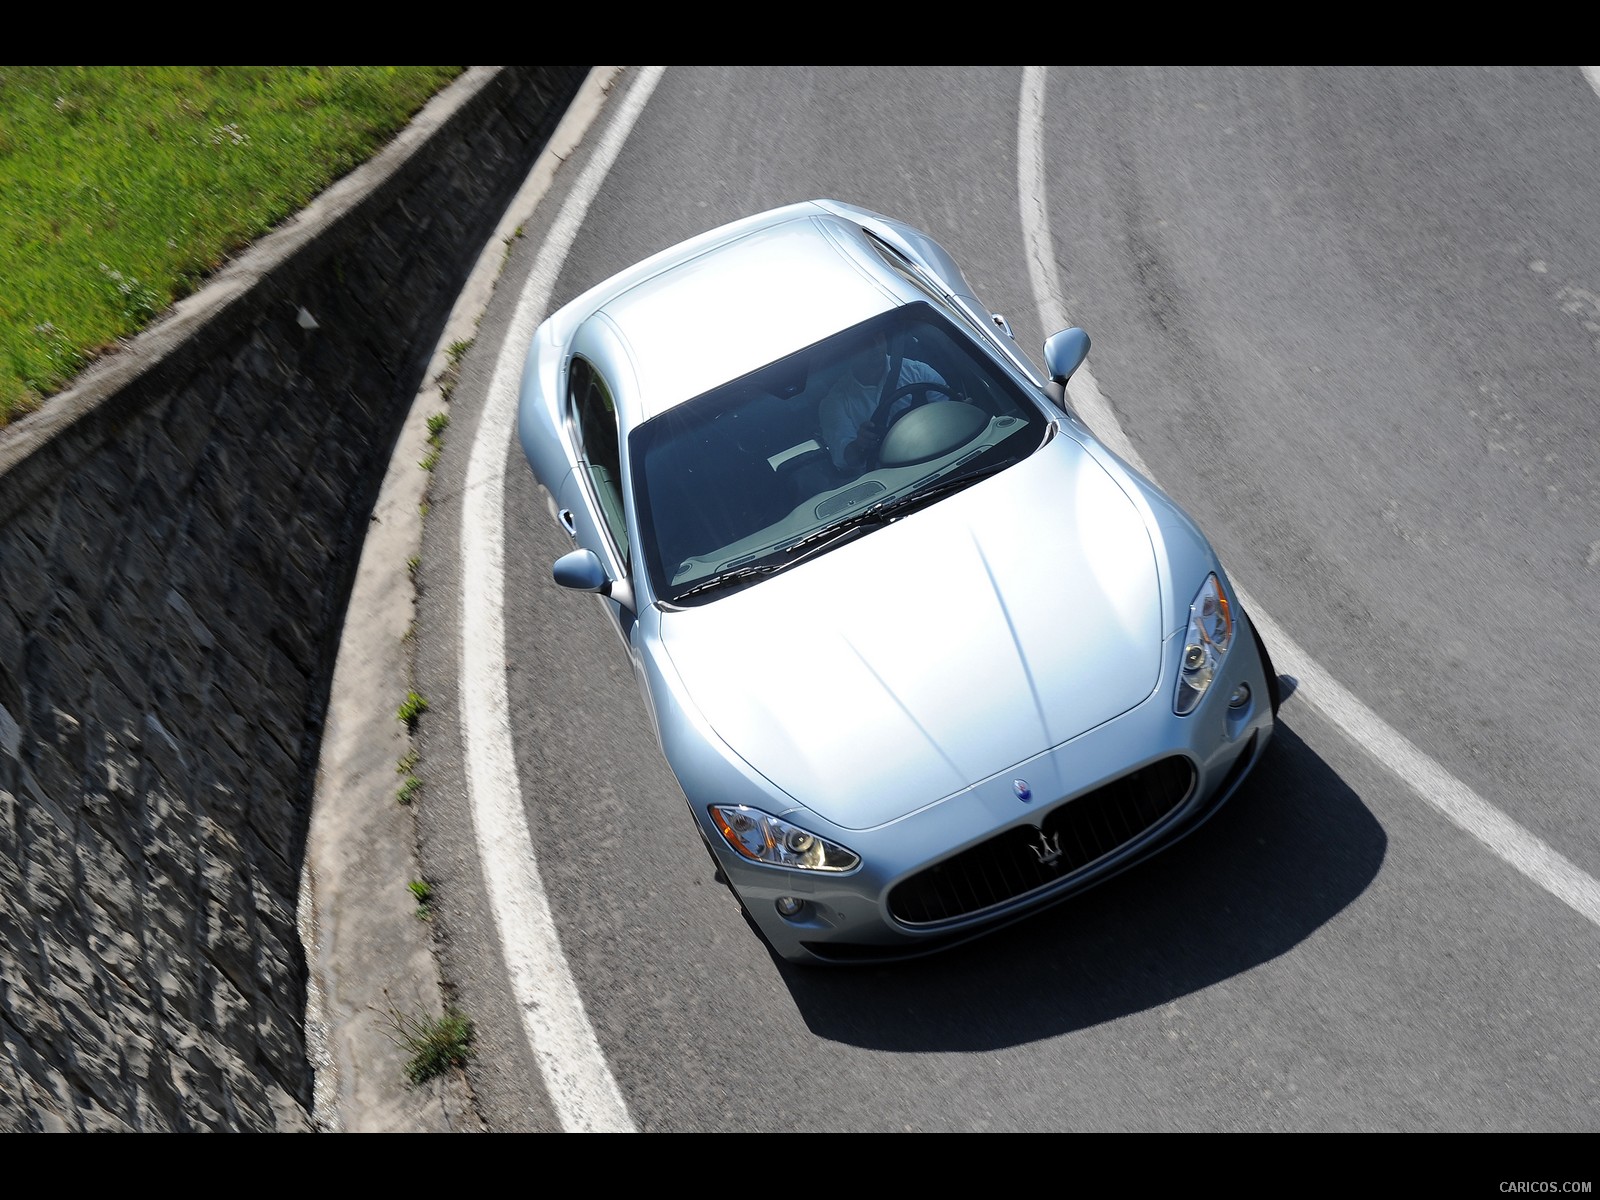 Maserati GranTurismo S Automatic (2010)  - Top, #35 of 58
____________
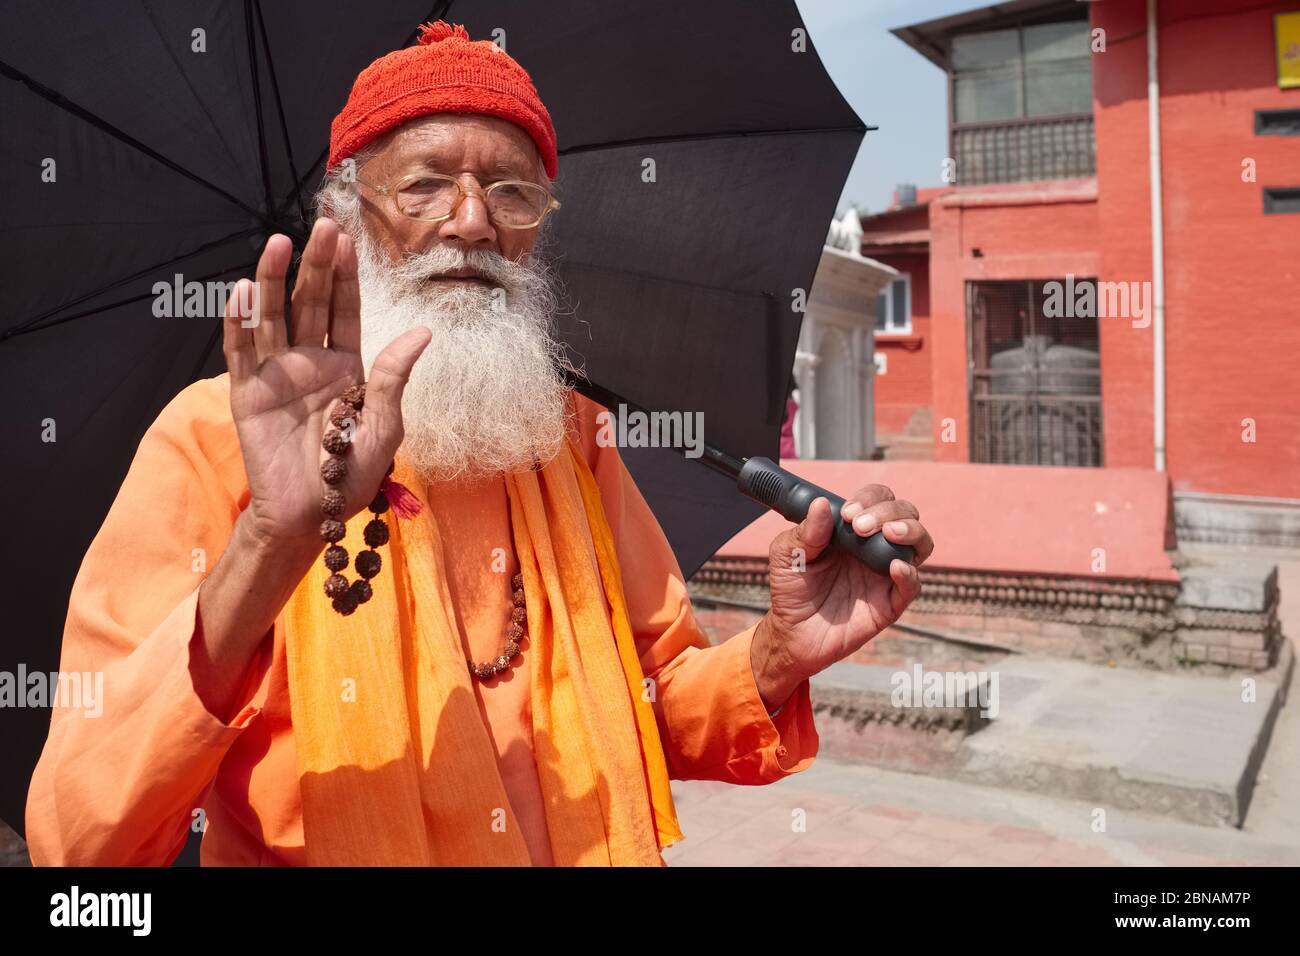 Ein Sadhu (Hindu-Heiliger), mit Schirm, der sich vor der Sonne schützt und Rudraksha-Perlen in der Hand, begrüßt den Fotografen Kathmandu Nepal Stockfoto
____________
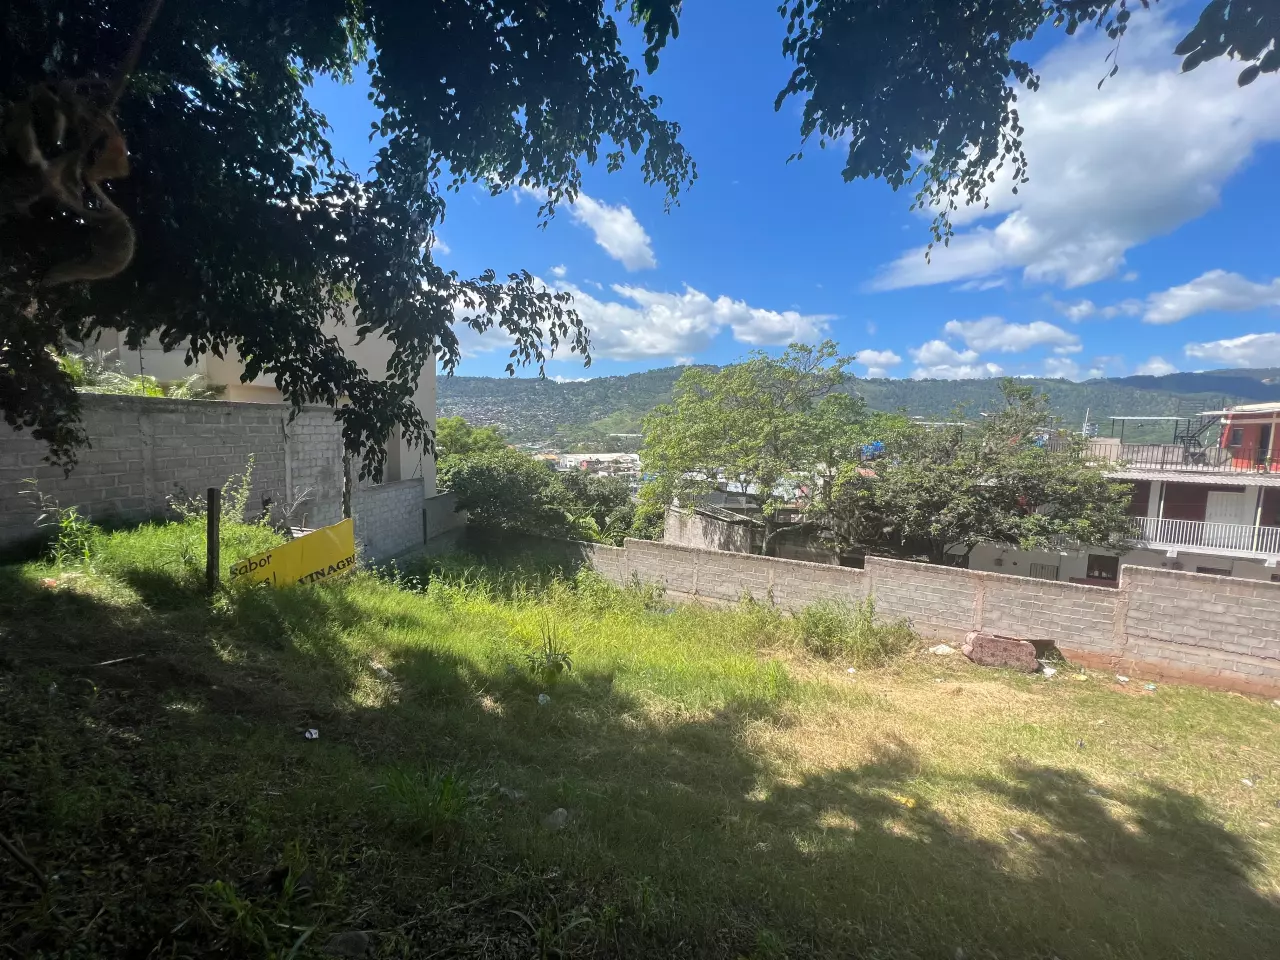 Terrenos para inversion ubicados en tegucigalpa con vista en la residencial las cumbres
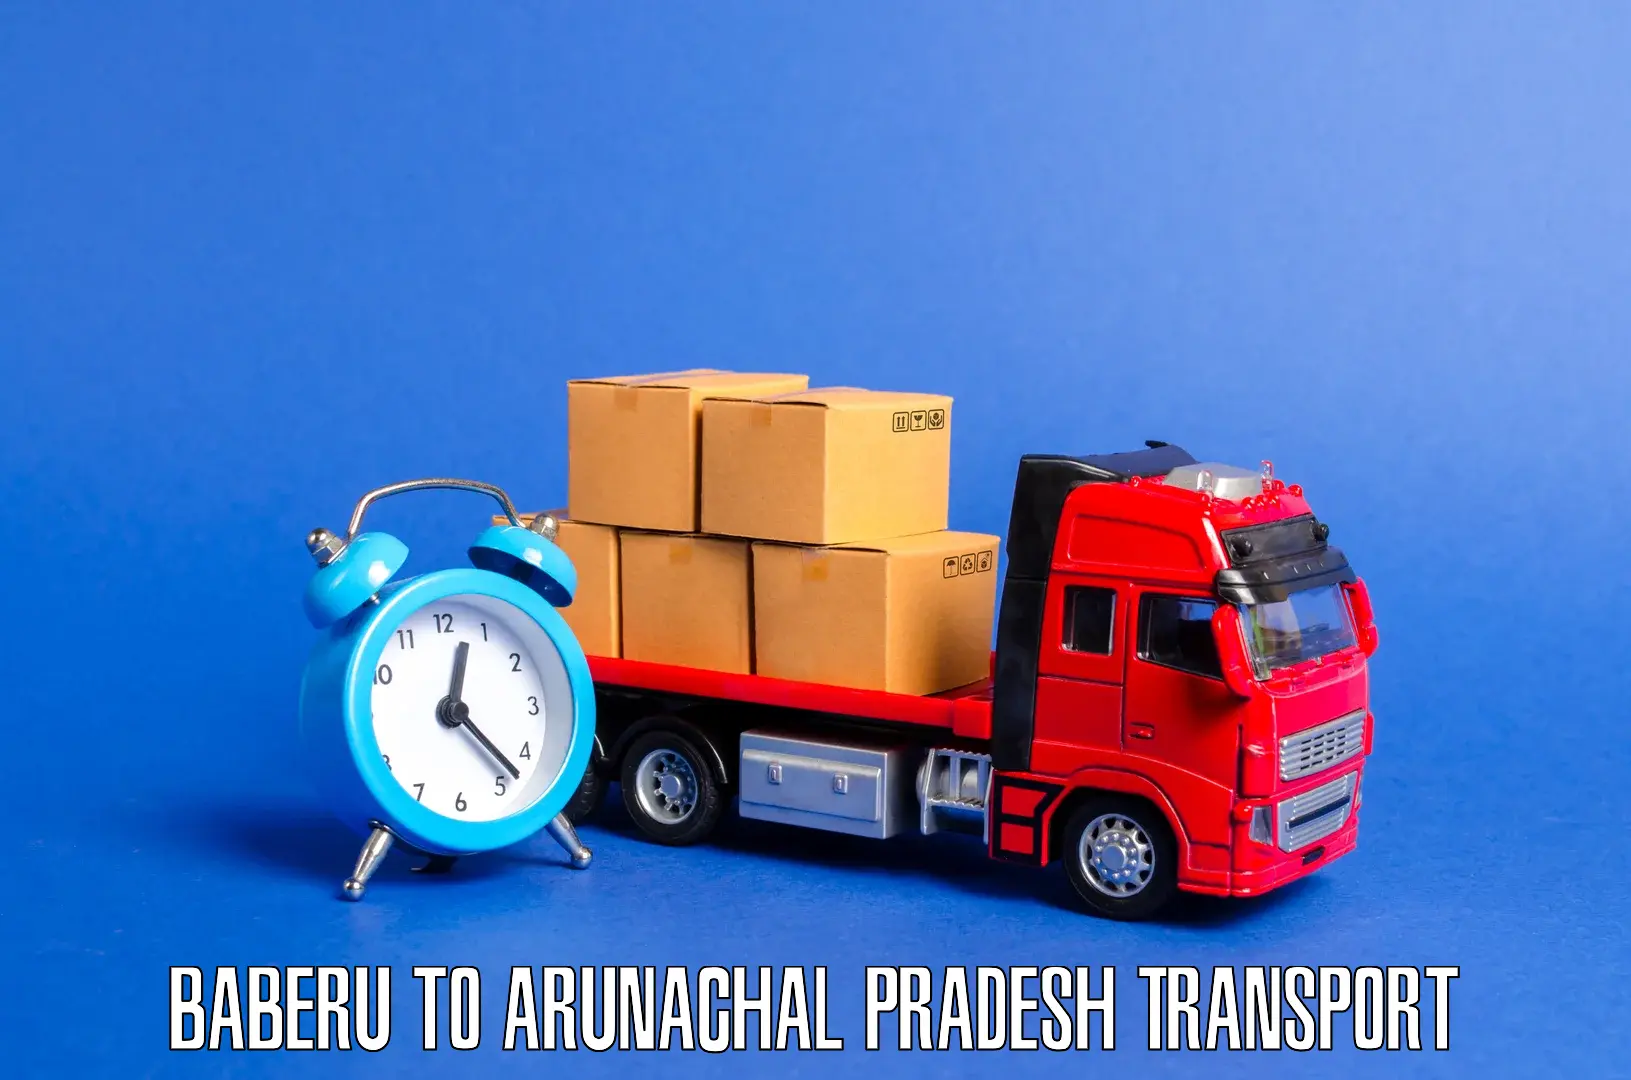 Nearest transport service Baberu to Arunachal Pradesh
____________
Reproduce the data above exactly, but only from the line containing "Terrenos para inversion" through the line containing "Nearest transport service". Omit all pictures.

 Terrenos para inversion ubicados en tegucigalpa con vista en la residencial las cumbres
 Nearest transport service Baberu to Arunachal Pradesh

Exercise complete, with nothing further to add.